Идея соединить в названии понятие «левизны» в искусстве (а значит, борьбы со всеми сформировавшимися представлениями об эстетических ценностях) с «академией» и «классикой» (то есть как раз с чем-то устоявшимся и признанным) представляла собой характерный для авангардного творчества оксюморон (сочетание противоположных характеристик в одном понятии), однако смысл смены названия был несколько глубже. Идея его состояла в том, чтобы «застолбить» свое место в современном авангарде, указать на своего рода образцовый характер своего пути в литературе. Кроме этого, подспудно в названии содержится намек на то, что в творчестве «левых классиков» обновлялось наследие классической литературы — позже, в декларации ОБЭРИУ Н. Заболоцкий назовет это «„классическим“ отпечатком», который несет на себе поэзия Хармса.

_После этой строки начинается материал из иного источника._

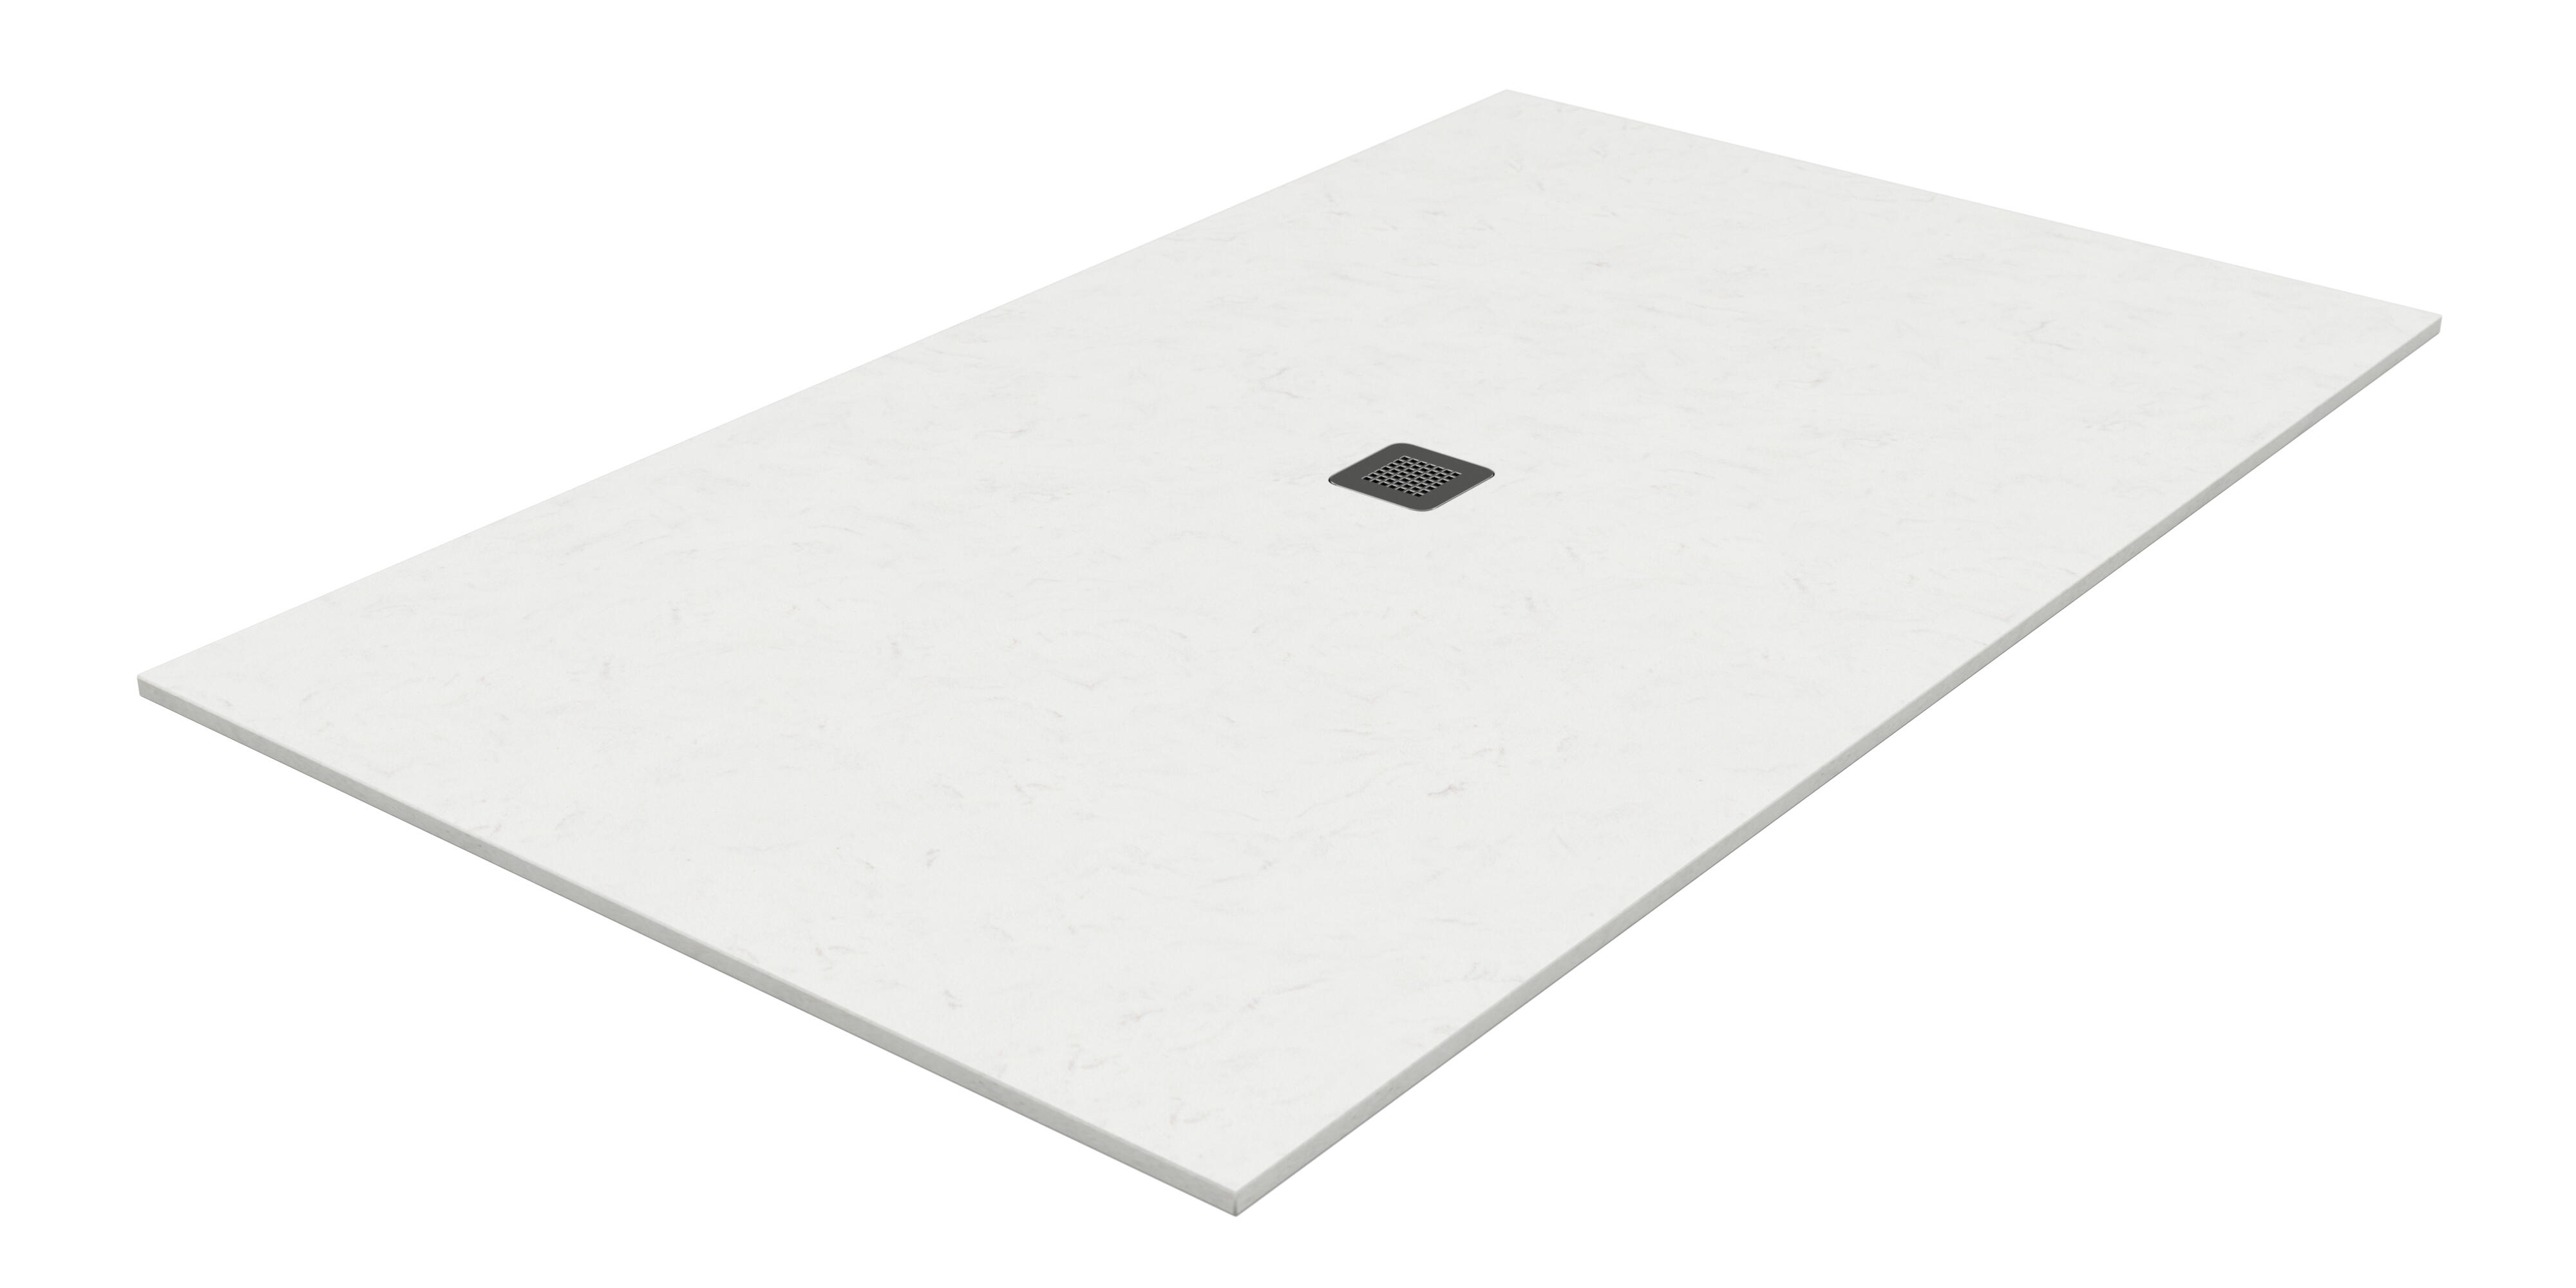 Plato de ducha kioto 170x80 cm blanco

Однако всего через три дня, 28 марта, после выступления «Академии левых классиков» на собрании литературного кружка Высших курсов искусствоведения при ГИИИ в газете «Смена» была напечатана разгромная статья «Дела литературные (о „чинарях“)», авторами которой были участники кружка Н. Иоффе и Л. Железнов. В ней подробно рассказывалось о скандале, возникшем после выступления группы:

«„Чинарь“, прочитав несколько своих стихов, решил осведомиться, какое действие они производят на аудиторию.

— Читать ли еще? — осведомился он.

— Нет, не стоит, — раздался голос. Это сказал молодой начинающий писатель Берлин — председатель Лен. Леф’а.

„Чинари“ обиделись и потребовали удаления Берлина с собрания. Собрание единодушно запротестовало.

Тогда, взобравшись на стул, „чинарь“ Хармс, член Союза поэтов, „великолепным“ жестом подняв вверх руку, вооруженную палкой, заявил:

— Я в конюшнях и публичных домах не читаю!

Студенты категорически запротестовали против подобных хулиганских выпадов лиц, являющихся в качестве официальных представителей литературной организации на студенческие собрания. Они требуют от Союза поэтов исключения Хармса, считая, что в легальной советской организации не место тем, кто на многолюдном собрании осмеливается сравнить советский ВУЗ с публичным домом и конюшнями».

Железнов организовал и коллективное доносительское письмо в правление Союза поэтов. В архиве союза сохранилось объяснительное заявление Хармса и Введенского следующего содержания:

«Заявление в Ленинградский Союз поэтов от Академии Левых Классиков.

Причина описываемого скандала и его значение не таково, как об этом трактует „Смена“. Мы еще до начала вечера слышали предупреждение о том, что собравшаяся публика настроена в достаточной степени хулигански... В зале раздавались свистки, крики и спор. Выскакивали ораторы, которых никто не слушал. Это длилось минут 5—7, пока чинарь Д. И. Хармс не вышел и не сказал своей роковой фразы: „Товарищи, имейте в виду, я ни в конюшнях, ни в бардаках не выступаю“, после чего покинул собрание. Шум длился еще некоторое время и кончился дракой в публике, вне нашего участия.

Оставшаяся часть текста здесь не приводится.